Jo-Wilfried Tsonga, toujours sur son nuage, a plané jusqu'à la finale de l'Open d'Australie en survolant son match contre Rafael Nadal, balayé 6-2, 6-3, 6-2, jeudi à Melbourne. Il va maintenant se mesurer dimanche à Roger Federer ou à Novak Djokovic pour succéder à Yannick Noah, dernier Français sacré en Grand Chelem à Roland-Garros en 1983, et tout paraît possible tant le tennis qu'il a montré face à l'Espagnol a été éblouissant. La deuxième demi-finale a lieu vendredi soir.

"J'ai avancé dans toutes les balles et j'ai produit un tennis qui a fait rêver des gens, car moi aussi je me suis fait rêver", a dit le Français, ébahi par sa propre performance. Tsonga, 22 ans, est le premier Tricolore à atteindre la finale de l'Open d'Australie, et d'un Grand Chelem, depuis Arnaud Clément en 2001. Qui aurait pu l'imaginer il y a deux ans, lorsque le Manceau, blessé au dos, se demandait s'il pourrait un jour reprendre une raquette, ou même l'année dernière lorsqu'il s'était présenté à Melbourne avec le dossard 212.

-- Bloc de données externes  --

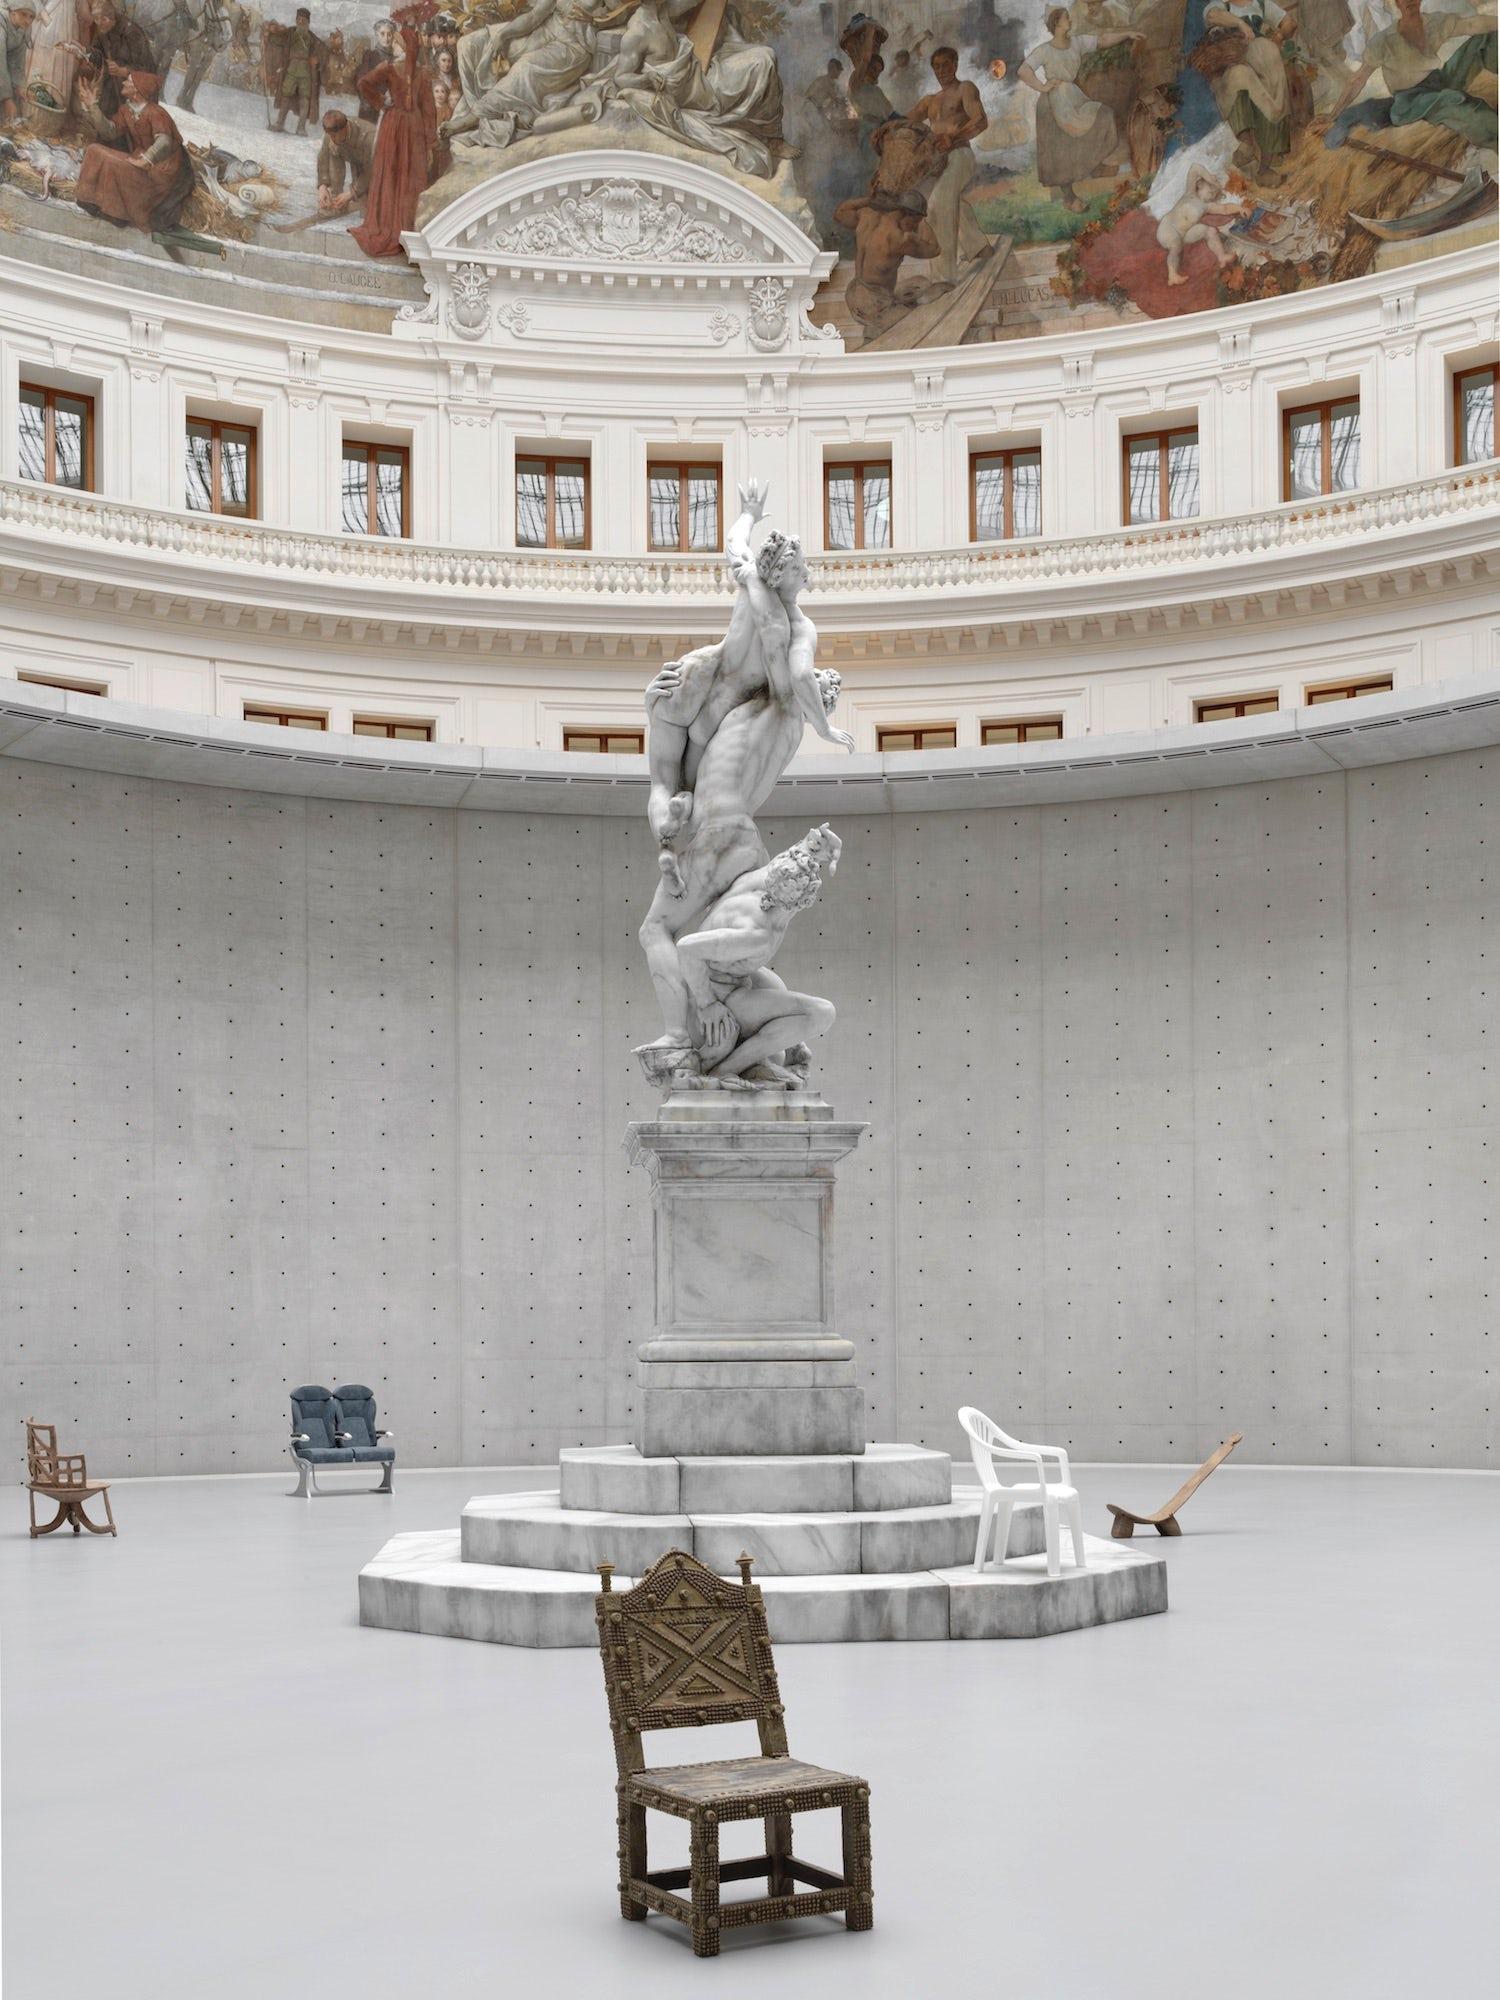 《无题》(2011)是艺术家乌尔斯·费舍尔的雕塑作品。由艺术家和商业-皮诺收藏公司提供。
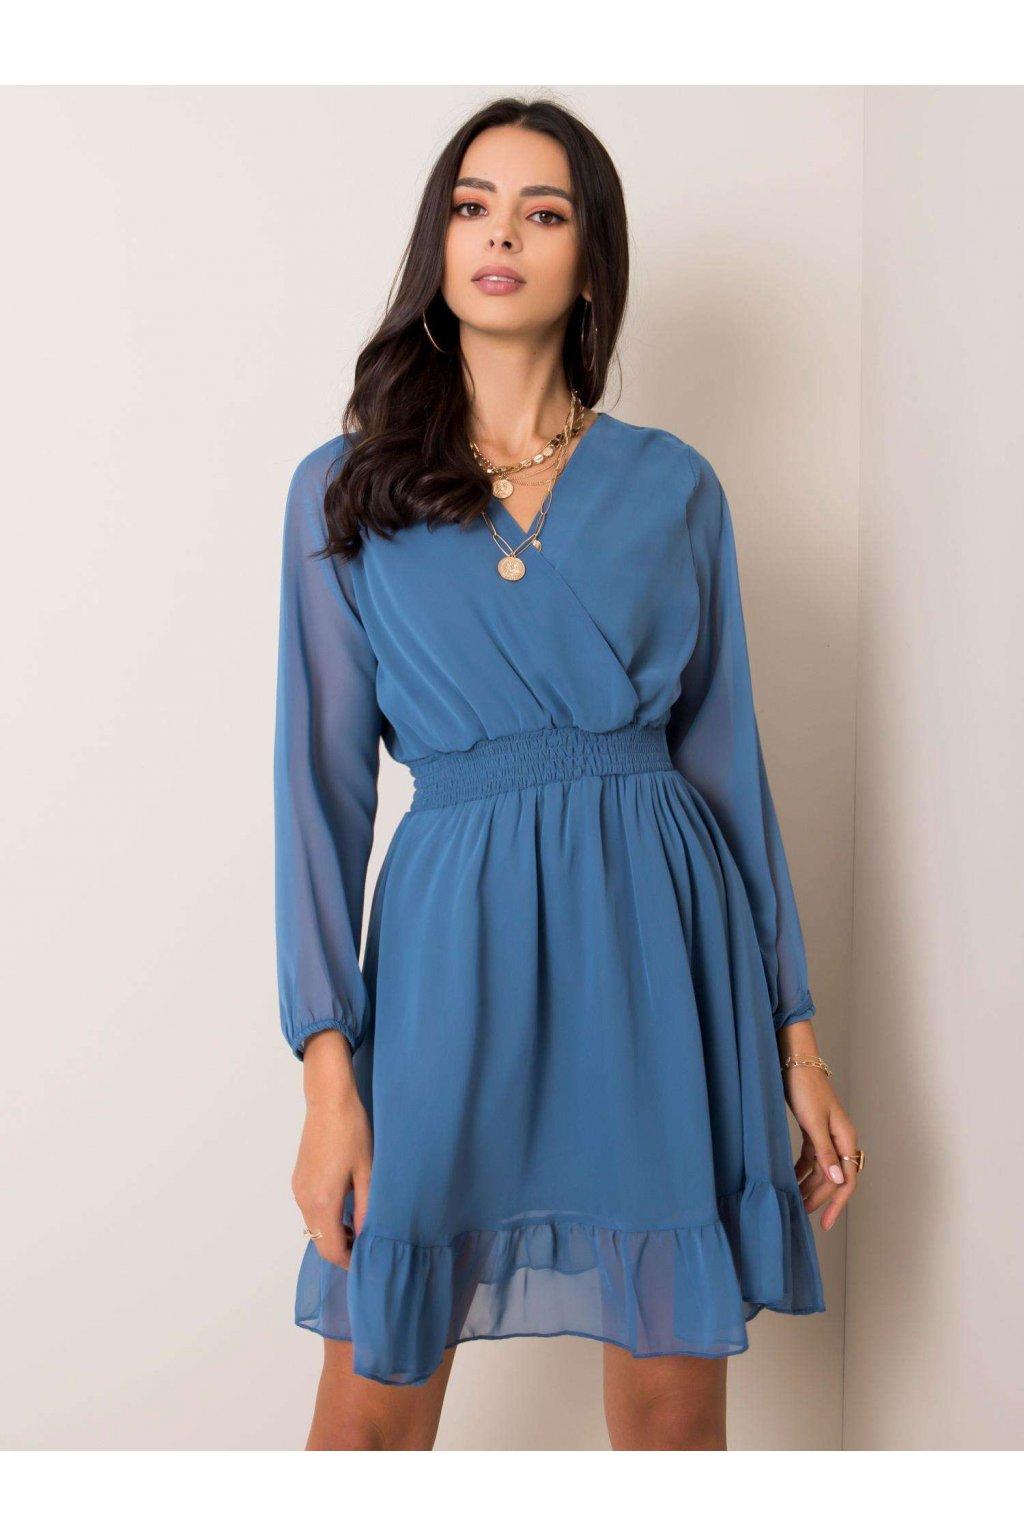 pol pl Niebieska sukienka Giovana RUE PARIS 353280 1

Le Français, 38e mondial, jouera sa première finale alors qu'il n'en est qu'à sa cinquième participation à des tournois du Grand Chelem. Le grand Federer avait dû s'y reprendre à 17 fois avant d'avoir une chance de soulever sa première coupe.

Nadal écrasé

Son accession à la finale est l'une des plus grosses surprises de ces dernières années dans le tennis, comparable à celle qu'avait causée le Chypriote Marcos Baghdatis il y a deux ans, déjà à Melbourne, en jouant le titre contre Federer. Mais c'est surtout la qualité incroyable du tennis joué par Tsonga, qui atteint de nouveaux sommets à chacune de ses sorties, qui éblouit tout le monde à Melbourne et ailleurs. Le public de la Rod Laver Arena ne s'y est pas trompé et lui a offert une longue "standing ovation" alors qu'il faisait son désormais fameux geste de victoire, les bras levés et les pouces vers le bas, comme pour montrer quelque chose dans son dos.

En demi-finale, il a écrasé Nadal comme aucun joueur ne l'a jamais fait dans un tournoi du Grand Chelem. Il a réussi tous les coups du tennis, des aces, des coups droits gagnants, mais surtout d'invraisemblables volées amorties dans les positions les plus impossibles. Il a terminé avec 49 coups gagnants (contre seulement 13 à Nadal), dont 17 aces, et 75% de réussite à la volée. Le Majorquin n'a pas fait un mauvais match (seulement 12 fautes directes), mais son fameux lift de coup droit a tout simplement été impuissant à déborder Tsonga, dont la couverture de terrain a encore fait merveille.

"C'est dur de le battre parce que c'est dur de le déborder, mais aujourd'hui, à chaque coup j'avais l'impression de le mettre en difficulté. C'était comme dans un jeu vidéo," a dit Tsonga. D'ailleurs Nadal, quatrième tête de série éliminée par le Français après Andy Murray, Richard Gasquet et Mikhaïl Youzhny, n'avait pas perdu un set depuis le début du tournoi.

Constamment repoussé en défense loin de sa ligne de fond, il n'a jamais eu la moindre occasion de revenir dans le match face à un Tsonga qui a toujours conservé une étonnante décontraction. "La vérité, c'est que je n'ai eu aucune chance. Quand un gars joue à ce niveau, c'est très difficile de l'arrêter", a dit l'Espagnol. Par rapport au joueur qui s'était incliné en trois sets 7-6, 6-2, 6-1 face à Nadal à l'US Open en septembre dernier, Tsonga s'est métamorphosé. Prometteur avant ses vingt ans, le Manceau avait vu sa progression stoppée par de nombreuses blessures, notamment au dos, et n'était réapparu sur le grand circuit que la saison dernière après deux ans de galère.

Tsonga, qui est d'ores et déjà sûr d'entrer dans le Top 20 et de passer N.2 français derrière Gasquet, n'a jamais rencontré ni Roger Federer ni Novak Djokovic. "Ils ont tous les deux deux bras et deux jambes. On verra ce qui va se passer sur le court. Je donnerai le meilleur de moi-même", a dit le Français.